___ Dataset excerpts

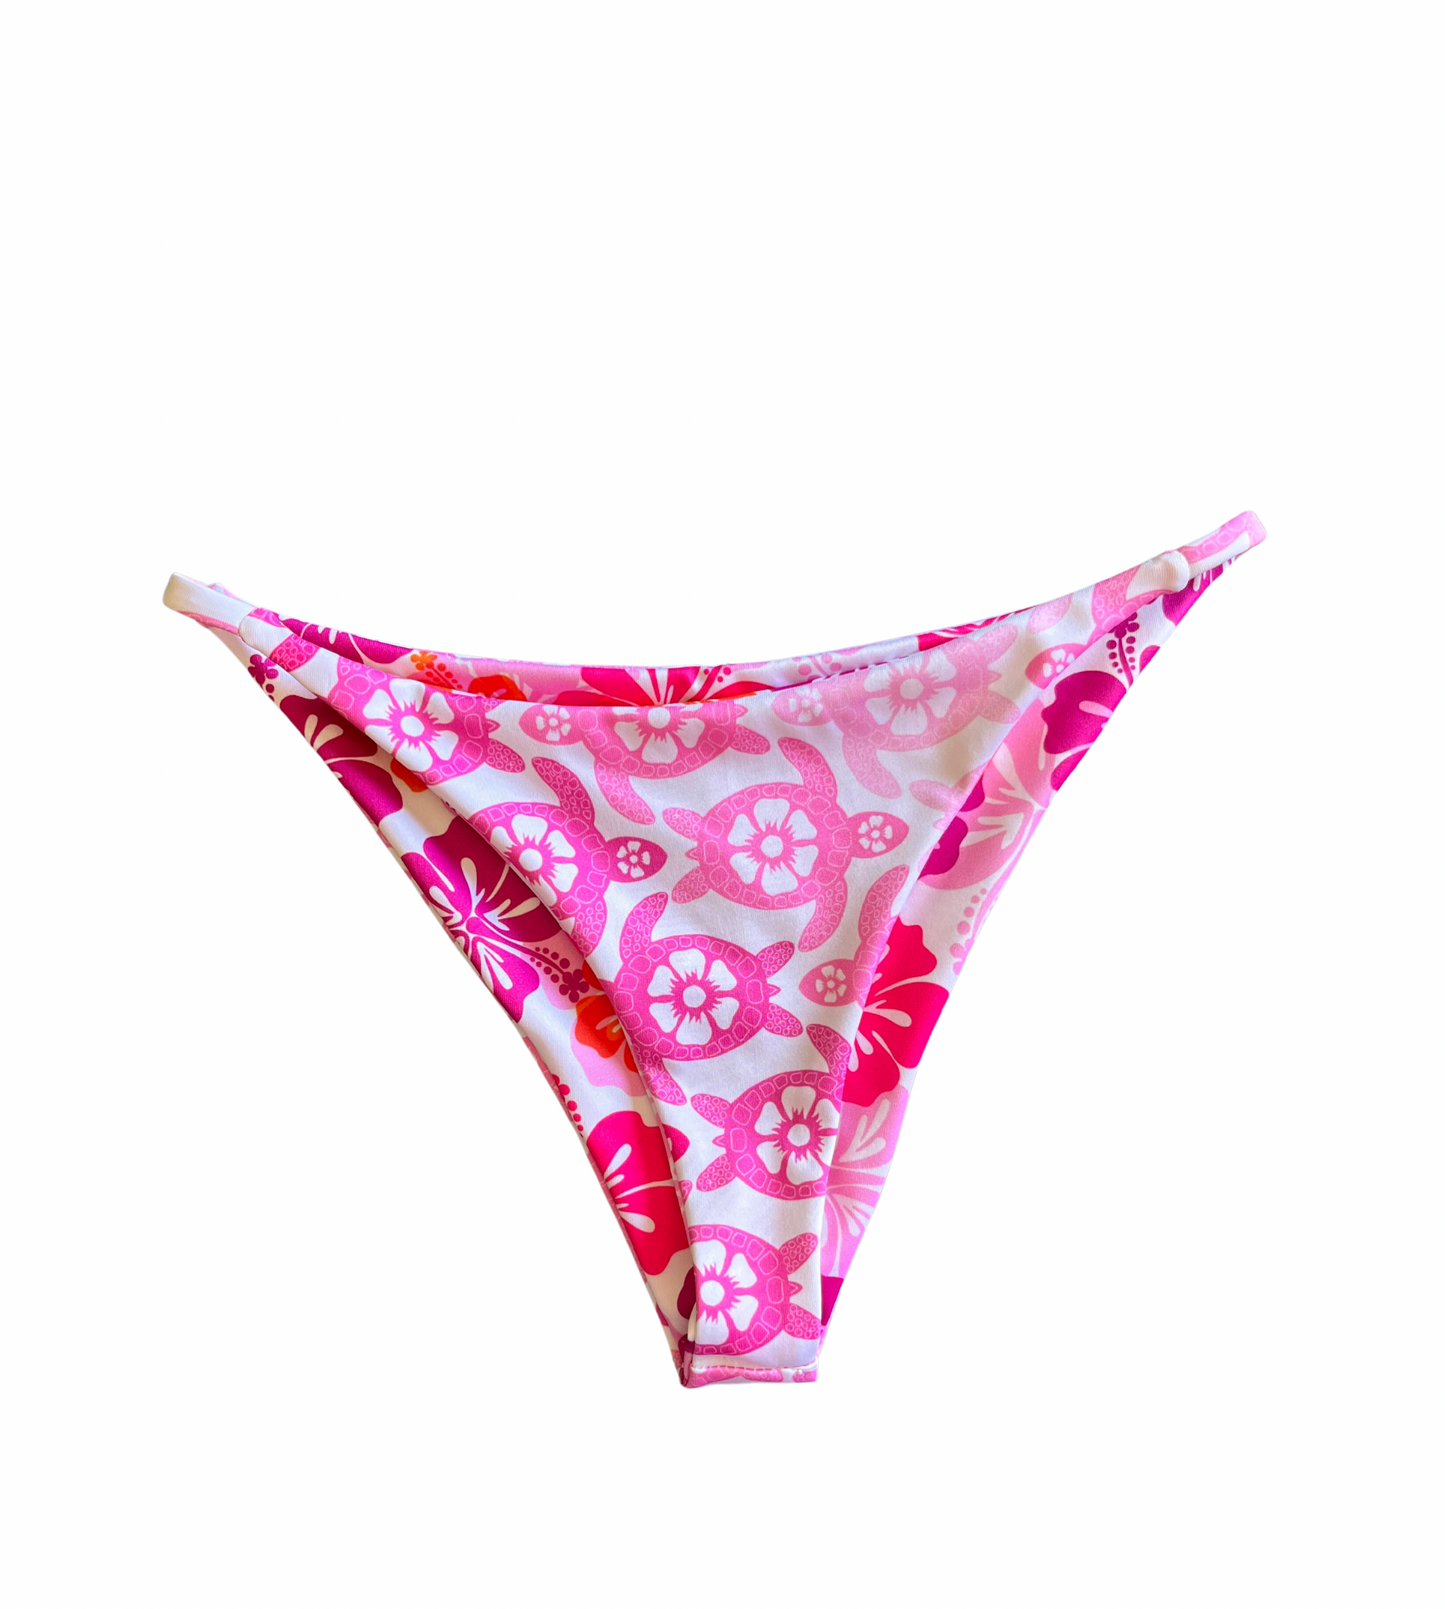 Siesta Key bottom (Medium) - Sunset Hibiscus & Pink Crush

______
___ Dataset excerpts

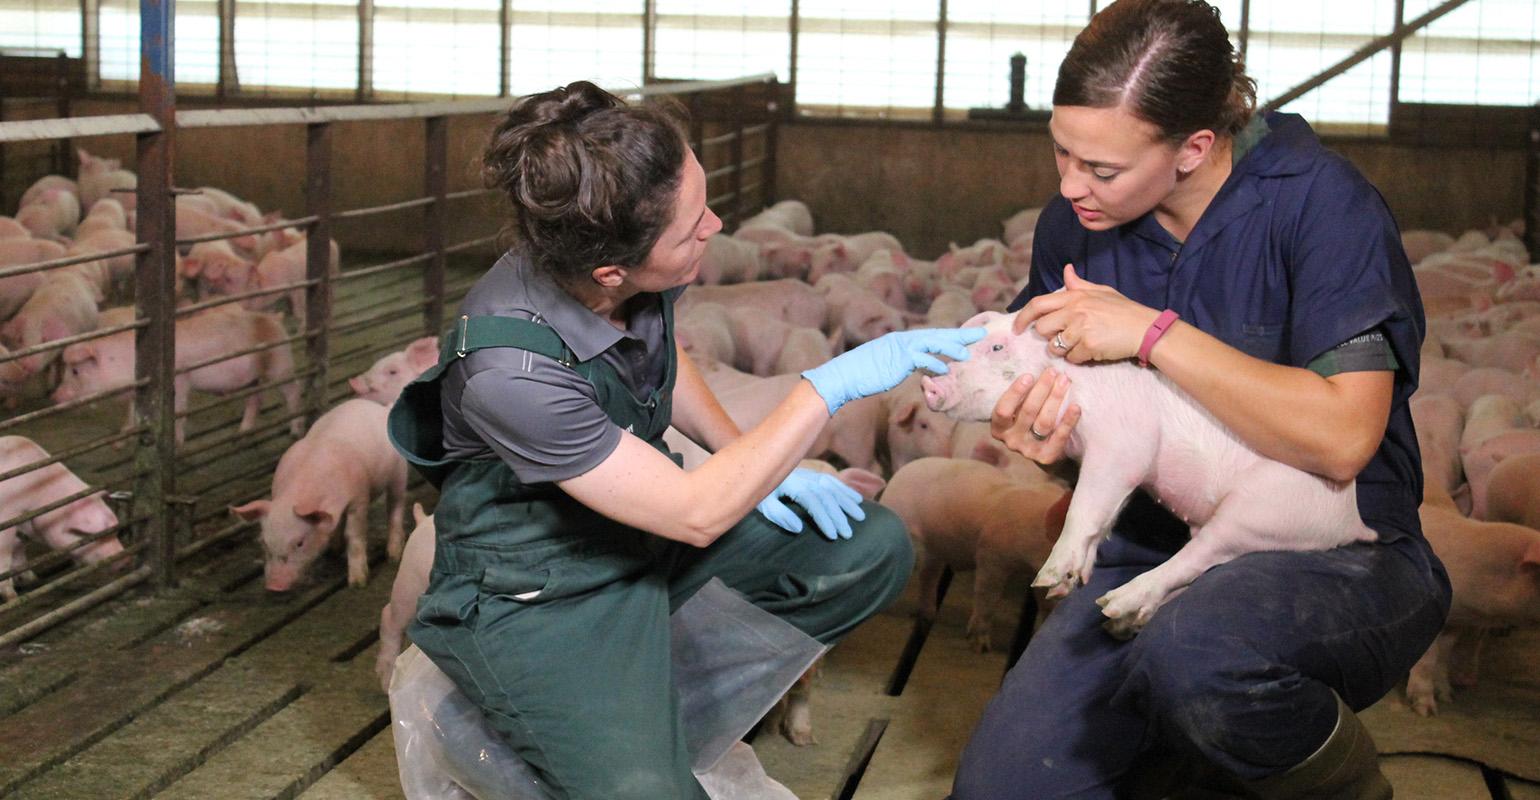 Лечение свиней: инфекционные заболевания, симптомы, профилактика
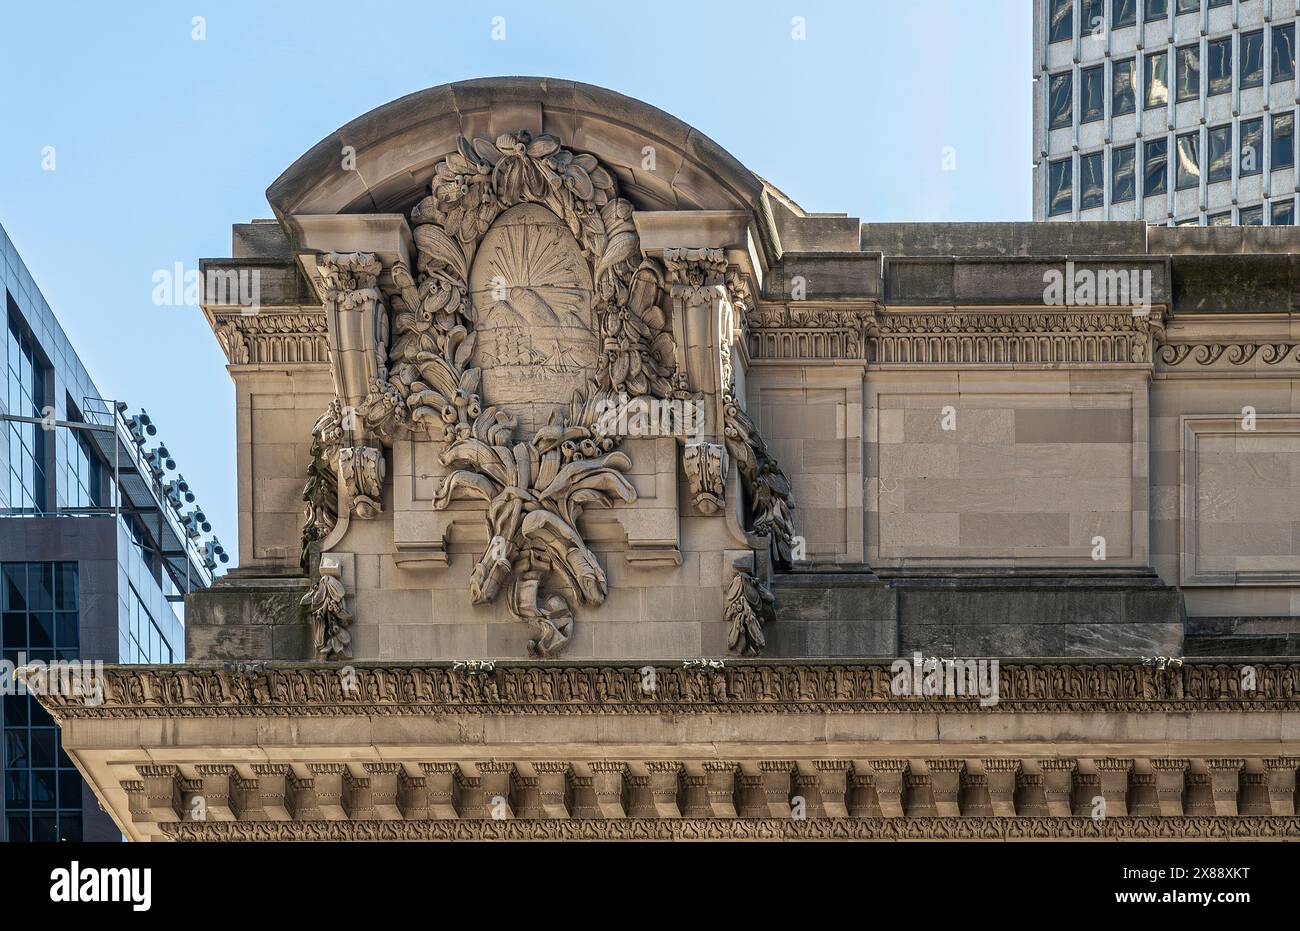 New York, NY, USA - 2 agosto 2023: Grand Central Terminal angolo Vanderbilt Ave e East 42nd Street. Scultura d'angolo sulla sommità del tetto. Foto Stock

______

» **What you will do**: Print exactly the lines above that run from the one with "Лечение свиней: инфекционные" to the one with "New York, NY, USA", both included. No pictures.

» **Output of the task**:
 Лечение свиней: инфекционные заболевания, симптомы, профилактика
 New York, NY, USA - 2 agosto 2023: Grand Central Terminal angolo Vanderbilt Ave e East 42nd Street. Scultura d'angolo sulla sommità del tetto. Foto Stock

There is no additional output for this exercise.